中文摘要 同时运动和作使机器人能够超越固定基地的限制与环境互动。然而，协调腿部运动与手臂作，同时考虑接触互动中的安全性和顺从性仍然具有挑战性。为此，我们提出了一种全体控制器，结合了基于模型的作臂导纳控制和用于腿部运动的强化学习（RL）策略。导纳控制器将外部扳手——例如人类在物理交互中施加的扳手——映射到所需的末端执行器速度，从而实现顺从的行为。这些速度由臂部和腿部控制器共同跟踪，实现统一的6景深部队响应。基于模型的设计通过参考调速器（RG）实现了精确的力控制和安全保障，同时通过卡尔曼滤波器和神经网络增强，进一步提升了鲁棒性，实现了可靠的基准速度估计。我们利用Unitree Go2四足机器人，配备6度臂和腕部6度力/扭矩传感器，验证了我们的方法。结果显示了交互驱动速度的准确追踪、顺应行为以及动态环境中安全可靠的性能。

RIS-Enabled Wireless Channel Equalization: Adaptive RIS Equalizer and Deep Reinforcement Learning

RIS支持的无线信道均衡：自适应RIS均衡器和深度强化学习

Authors: Gal Ben-Itzhak, Ender Ayanoglu
Subjects: Subjects: Information Theory (cs.IT); Emerging Technologies (cs.ET); Signal Processing (eess.SP)
Arxiv link: https://arxiv.org/abs/2603.02489
Pdf link: https://arxiv.org/pdf/2603.02489
Abstract Reconfigurable Intelligent Surfaces (RISs) offer a promising means of reshaping the wireless propagation environment, yet practical methods for configuring large passive arrays to achieve reliable signal equalization remain limited.

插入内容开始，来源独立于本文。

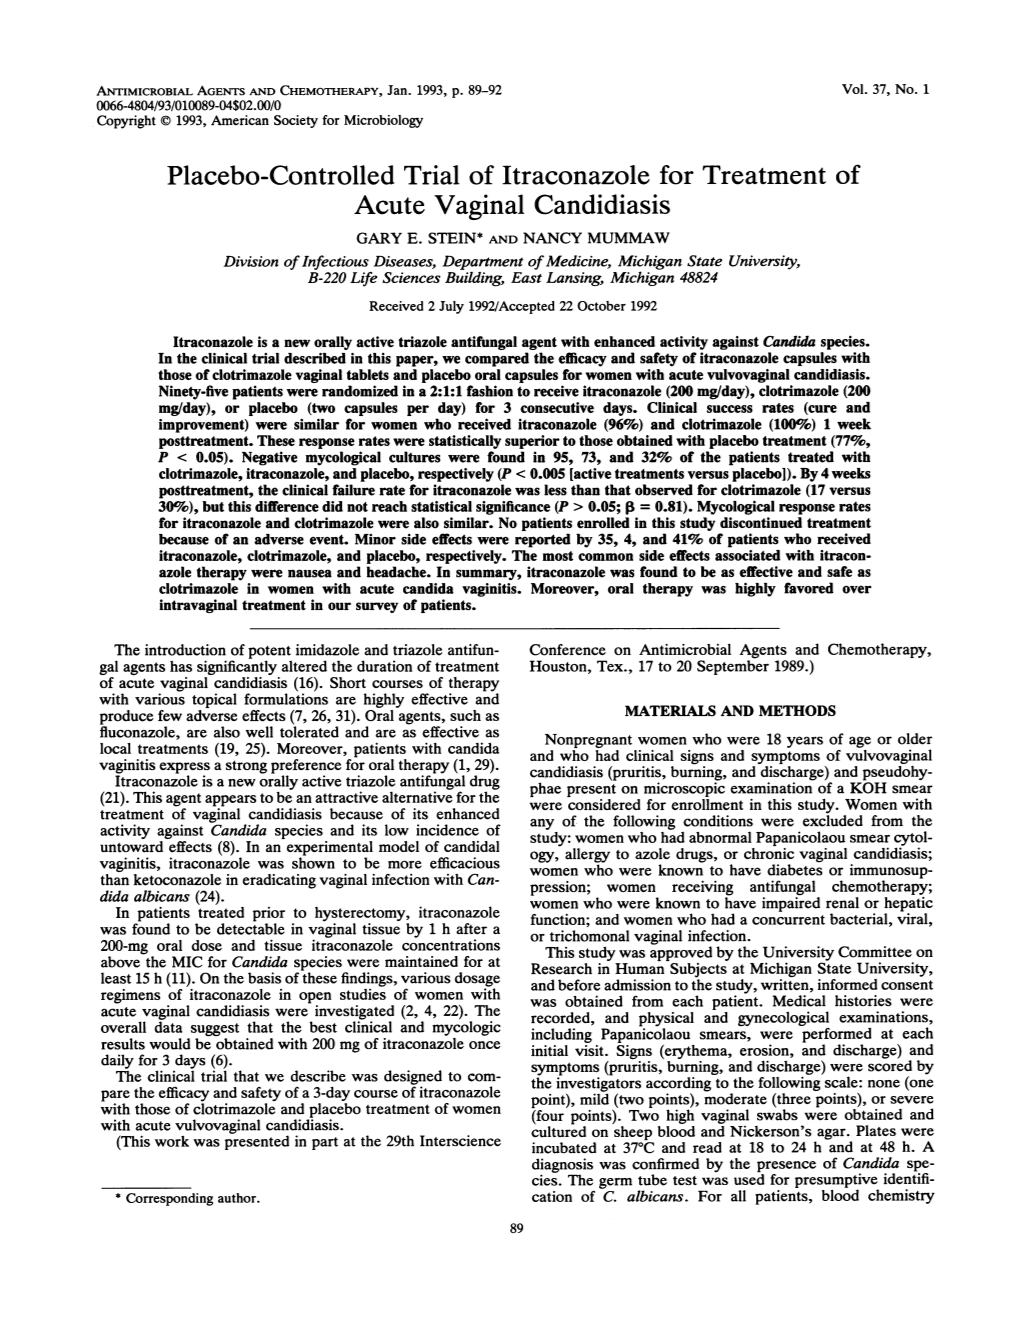 Placebo-Controlled Trial of Itraconazole Fortreatment of Acute

Equalization is essential in wideband links to counteract multipath-induced pulse distortion that otherwise degrades symbol recovery. This work investigates RIS-assisted pulse response equalization and signal boosting using both classical adaptive filtering and model-free deep reinforcement learning (DRL). We develop a steepest descent (SD) method that exploits cascaded BS-RIS-UE channel information to configure RIS coefficients for multipath mitigation and SNR enhancement, and we show that the tradeoffs between SD and DRL primarily arise from the extensive channel estimation required for accurate equalization with passive RIS hardware. Unlike traditional adaptive filtering, which updates delayed filter coefficients after signal reception, our approach uses the RIS positioned within the cascaded channel to perform equalization without delay elements, prior to reception at the UE. In this framework, the channel is estimated before equalization, forming the basis of what we term adaptive RIS equalization (ARISE). To overcome the reliance on channel estimation required for ARISE, we explore several DRL algorithms -- DDPG, TD3, and SAC -- that optimize RIS coefficients directly from the received pulse response without explicit channel estimation. Through extensive simulations across diverse channel conditions and RIS sizes, we show that SAC achieves fast, stable convergence and equalization performance comparable to ARISE while offering significantly lower implementation complexity. These results highlight the potential of DRL as a practical and scalable solution for real-time RIS control in future wireless systems.
中文摘要 可重构智能表面（RIS）为重塑无线传播环境提供了有前景的方法，但配置大型无源阵列以实现可靠信号均衡的实用方法仍然有限。在宽带链路中，均衡化对于抵消多径引起的脉冲失真至关重要，否则会降低符号恢复。本研究利用经典自适应滤波和无模型深度强化学习（DRL）研究RIS辅助脉冲响应均衡和信号增强。我们开发了一种最陡下降（SD）方法，利用级联的BS-RIS-UE信道信息配置RIS系数以实现多径缓解和信噪比增强，并展示了SD与DRL之间的权衡主要源于与被动RIS硬件实现准确均衡所需的大量信道估计。与传统的自适应滤波器在信号接收后更新延迟滤波系数不同，我们的方法是在级联信道中使用RIS进行无延迟元素的均衡，在UE接收前进行。在该框架中，信道在均衡前被估计，构成了我们所称的自适应RIS均衡（ARISE）的基础。为了克服ARISE对信道估计的依赖，我们探索了多种DRL算法——DDPG、TD3和SAC——这些算法直接从接收到的脉冲响应中优化RIS系数，而无需显式信道估计。通过在不同信道条件和RIS大小下的广泛模拟，我们证明SAC实现了与ARISE相当的快速稳定收敛和均衡性能，同时实现复杂度显著降低。这些结果凸显了日间学习作为未来无线系统中实时RIS控制实用且可扩展解决方案的潜力。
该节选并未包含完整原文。